Yandex.The interpreter mastered the Chuvash language

The service Yandex.The translator added another small language — Chuvash. To do this, the developers had to collect a small parallel corpus of more than 250 thousands of examples of phrases in the Chuvash andn languages, to train the neural network on it, and then to add to the translation system putyrsky model that takes into account similarities between other Turkic languages, and synthetic examples for training. Details about the algorithm can be read in article on habré.

Classical machine translation based on statistical models requires a large amount of data — parallel corpus which contains original and translated into the language of the source texts. This approach, however, do not always: for many languages, including the so-called small (the languages of small Nations), the data quality for statistical translation is not enough.

In order to circumvent this limitation, developers use different ways. For example, in 2018 Facebook taught machine translation to do without parallel corpora in General: this translation works thanks to a vector representation of words in unrelated texts. Another option is to use information from related but more the frequency of languages: this approach successfully uses Yandex in the translation, e.g., English into Uzbek through one additional step — the translation into Turkish, which belongs to the Turkic group of languages (more about this you can read in our article “Run all”).

The same approach, the service decided to use for translation Chuvash. To begin with, however, the developers have collected a relatively small parallel corpus of 250 thousand phrases in our countryn with translation into Chuvash: for these data, the trained neural network translation model, and then hooked her pan-Turkic model that learns to translate from English to several Turkic languages, including Tatar, Kirghiz, Bashkir and Azerbaijan.

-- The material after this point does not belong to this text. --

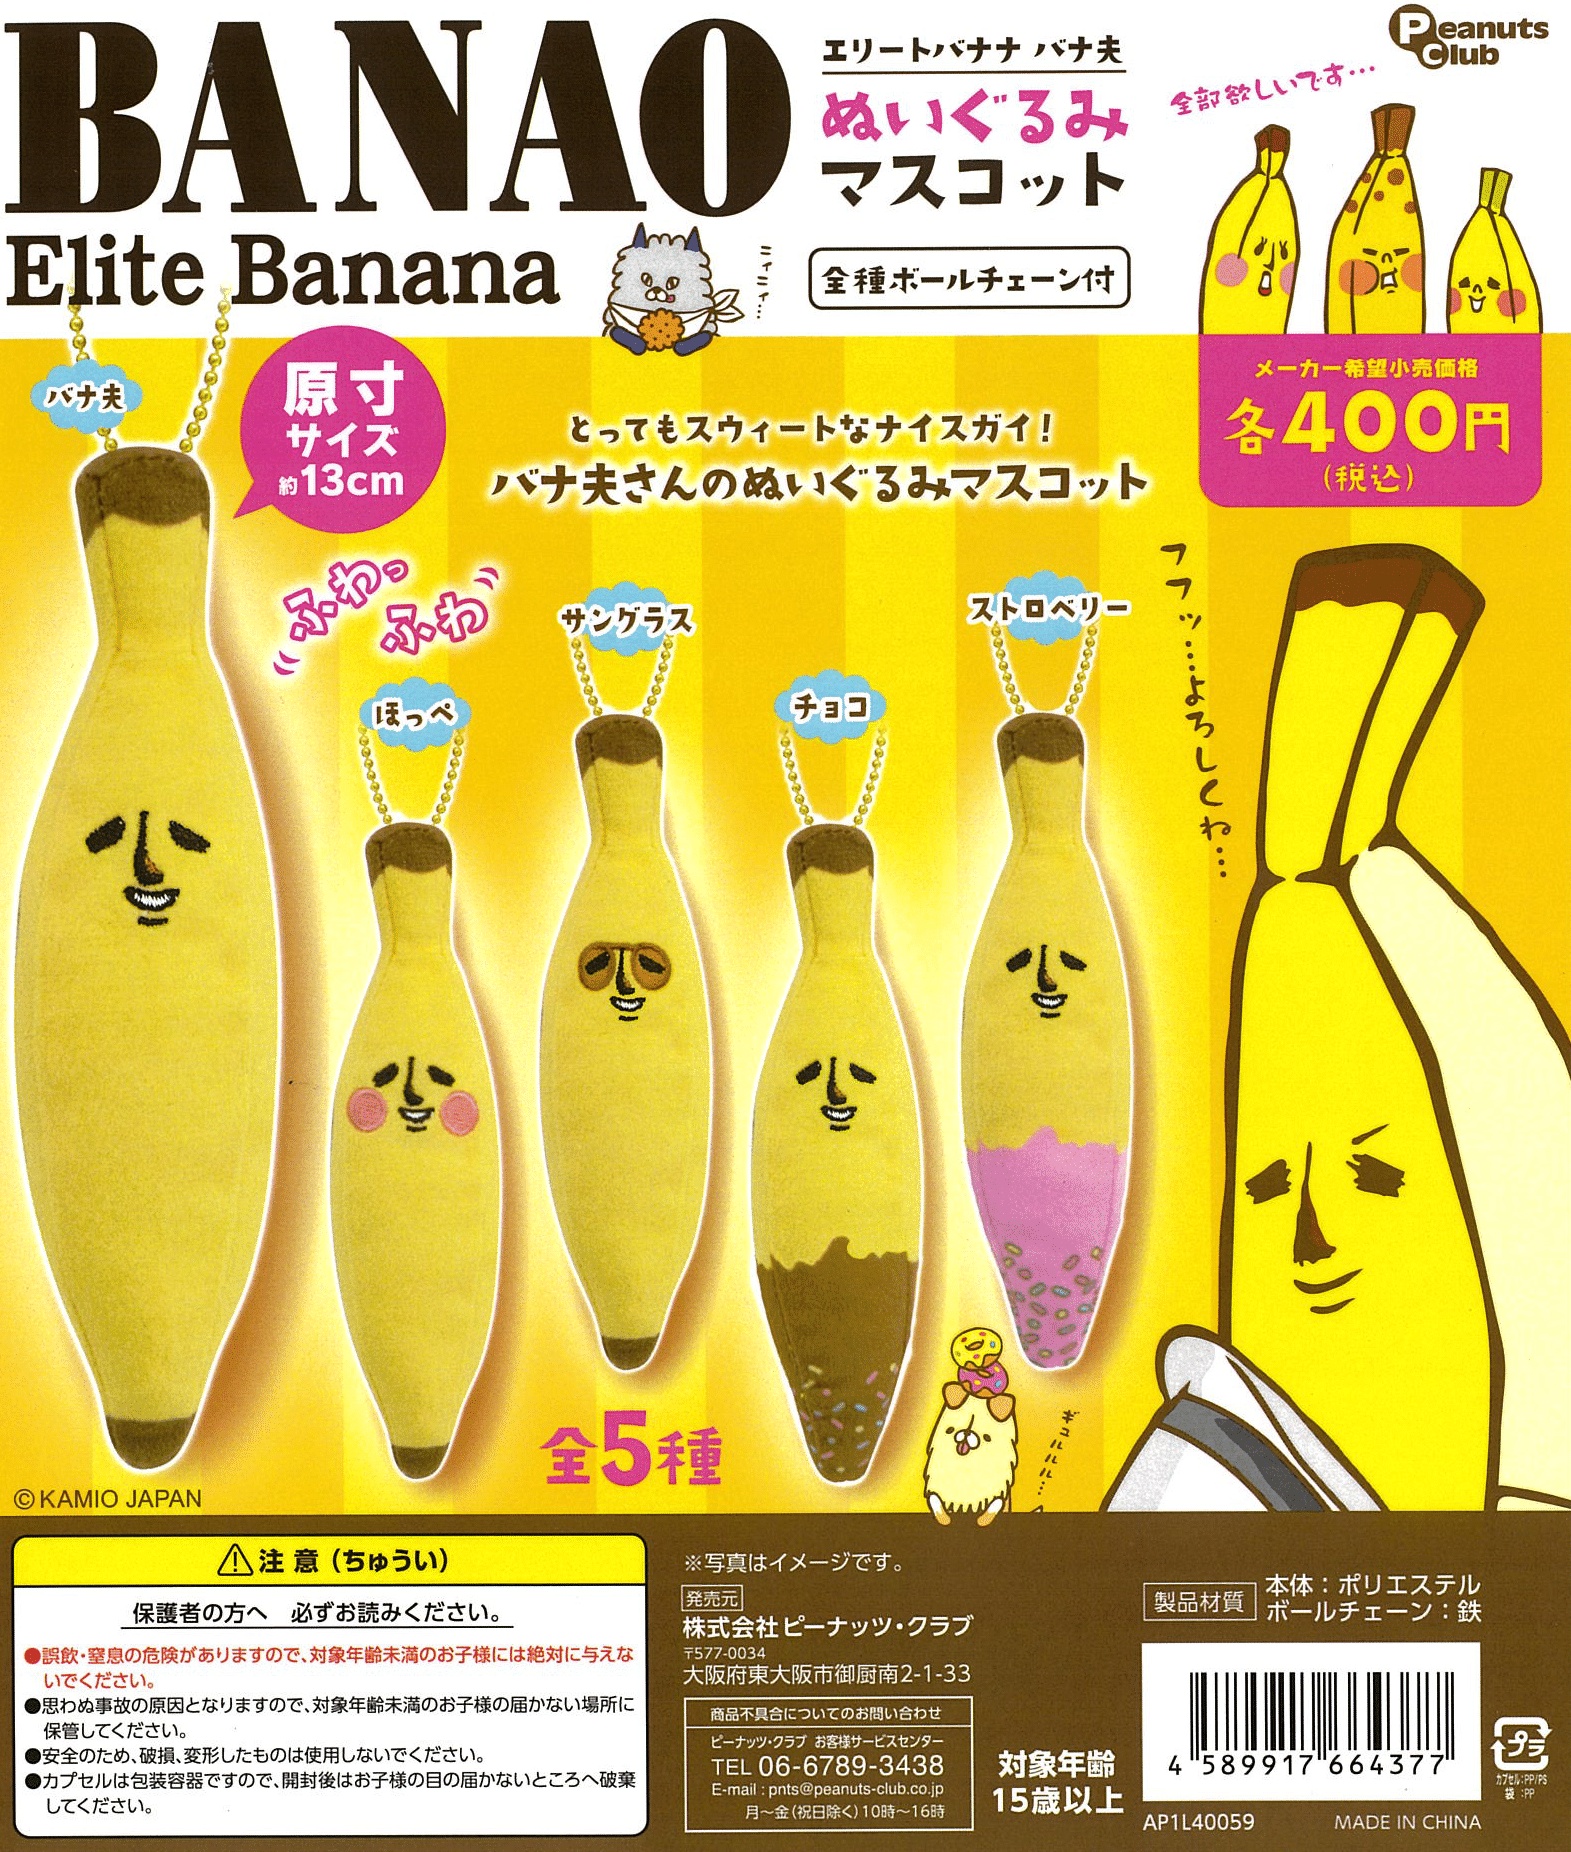 CP2655 Elite Banana Banao Plush Mascot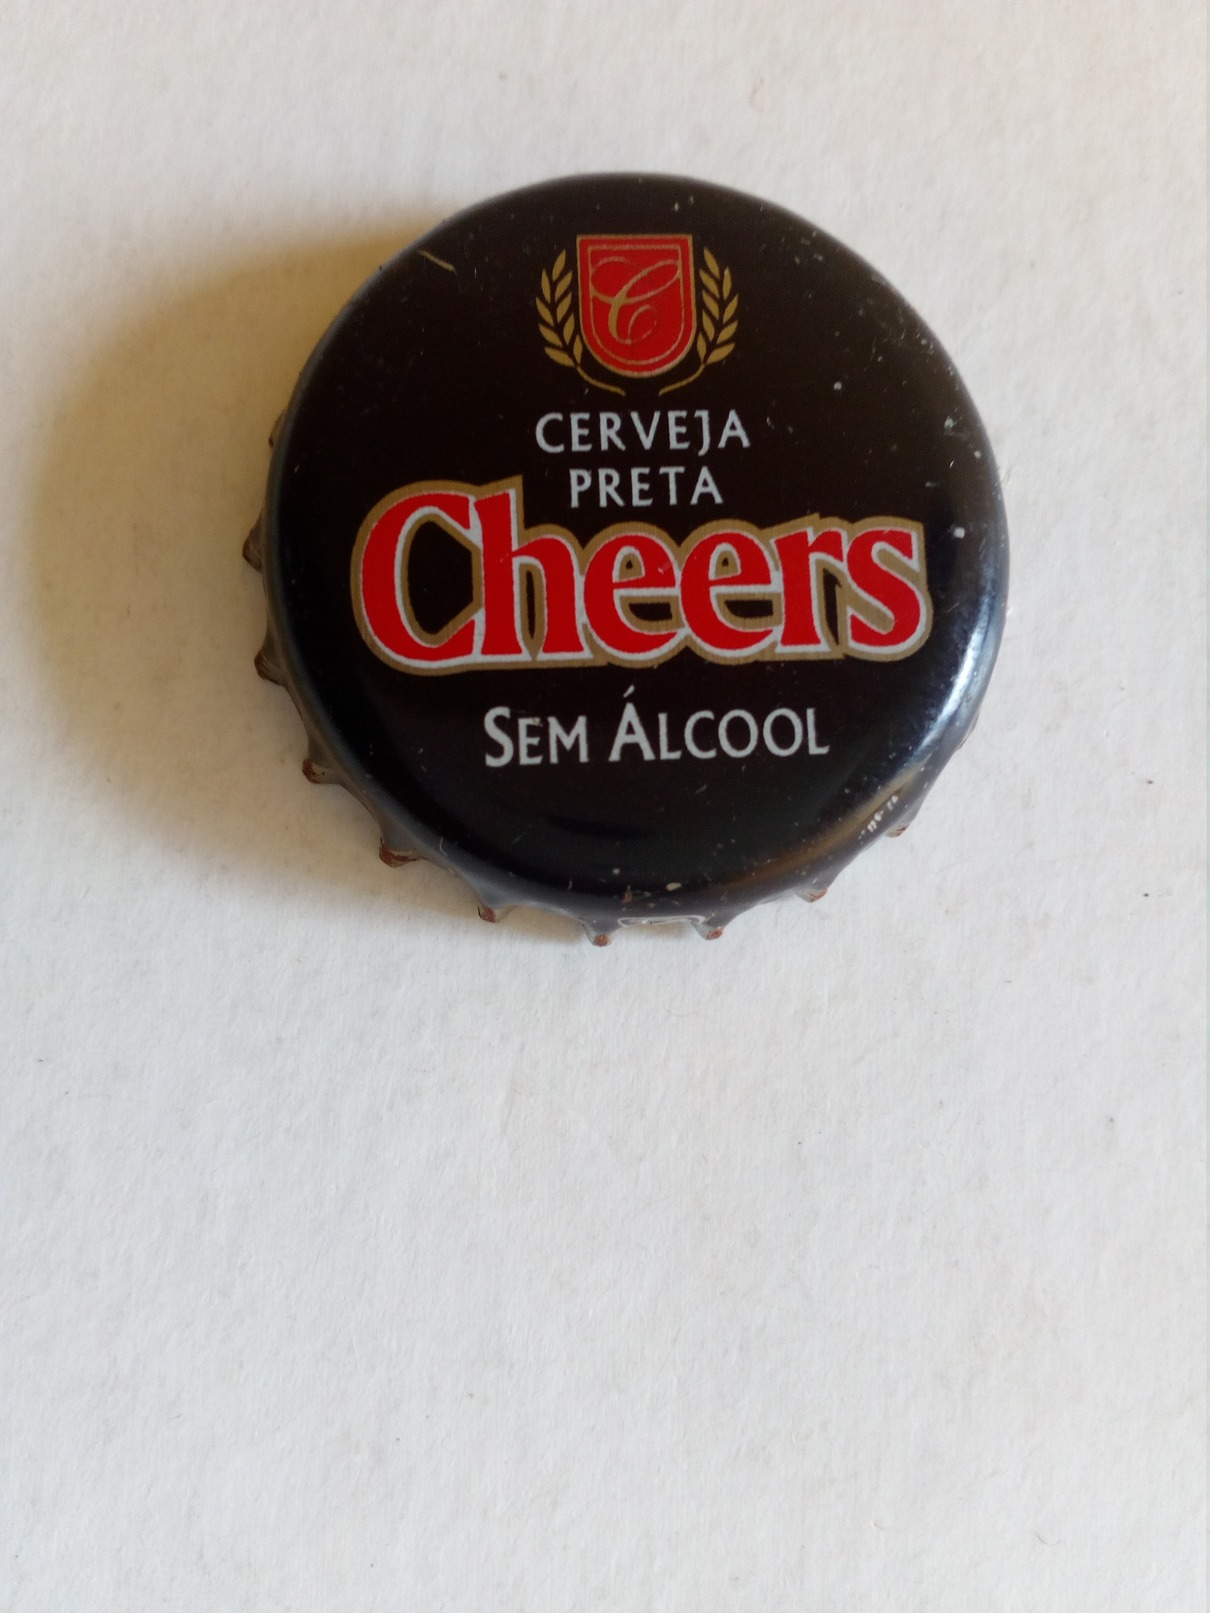 Chapa Cerveja Beer Cheers Sem Alcool. Portugal - Cerveza

Additionally, the developers used the synthetic examples of translatedn into Chuvash: it is the system learned the correct reverse translation from Chuvash ton, which (in the case that translations into Chuvash were qualitative) is able to distinguish the correct models of language matching and the order of words in a sentence.

Translations into Chuvash and back in service is available for all 97 languages.

According to 2010, the number of native Chuvash language in our country — just over a million people, while the language itself has the status of vulnerable. Other languages of small peoples of you can read in our series “Languages of”.

Leave a Reply

Your email address will not be published.